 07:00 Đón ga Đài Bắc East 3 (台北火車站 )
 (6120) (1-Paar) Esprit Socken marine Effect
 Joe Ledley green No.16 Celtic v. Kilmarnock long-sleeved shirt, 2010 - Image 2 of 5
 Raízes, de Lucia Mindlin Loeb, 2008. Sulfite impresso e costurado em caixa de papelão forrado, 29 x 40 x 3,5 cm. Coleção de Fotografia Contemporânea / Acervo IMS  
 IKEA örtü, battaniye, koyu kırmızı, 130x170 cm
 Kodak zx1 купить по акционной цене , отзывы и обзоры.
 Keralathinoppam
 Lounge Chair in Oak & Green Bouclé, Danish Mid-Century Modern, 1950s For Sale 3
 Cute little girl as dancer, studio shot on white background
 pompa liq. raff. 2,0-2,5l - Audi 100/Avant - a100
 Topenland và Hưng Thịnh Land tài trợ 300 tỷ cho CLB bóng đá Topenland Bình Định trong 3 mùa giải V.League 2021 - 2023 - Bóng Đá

WHAT IS EXPECTED: Copy out, exactly and alone, the lines of the entries above between the ones holding "Raízes, de Lucia" and "Lounge Chair in", inclusive.

SOLUTION TO THE PROBLEM:
 Raízes, de Lucia Mindlin Loeb, 2008. Sulfite impresso e costurado em caixa de papelão forrado, 29 x 40 x 3,5 cm. Coleção de Fotografia Contemporânea / Acervo IMS  
 IKEA örtü, battaniye, koyu kırmızı, 130x170 cm
 Kodak zx1 купить по акционной цене , отзывы и обзоры.
 Keralathinoppam
 Lounge Chair in Oak & Green Bouclé, Danish Mid-Century Modern, 1950s For Sale 3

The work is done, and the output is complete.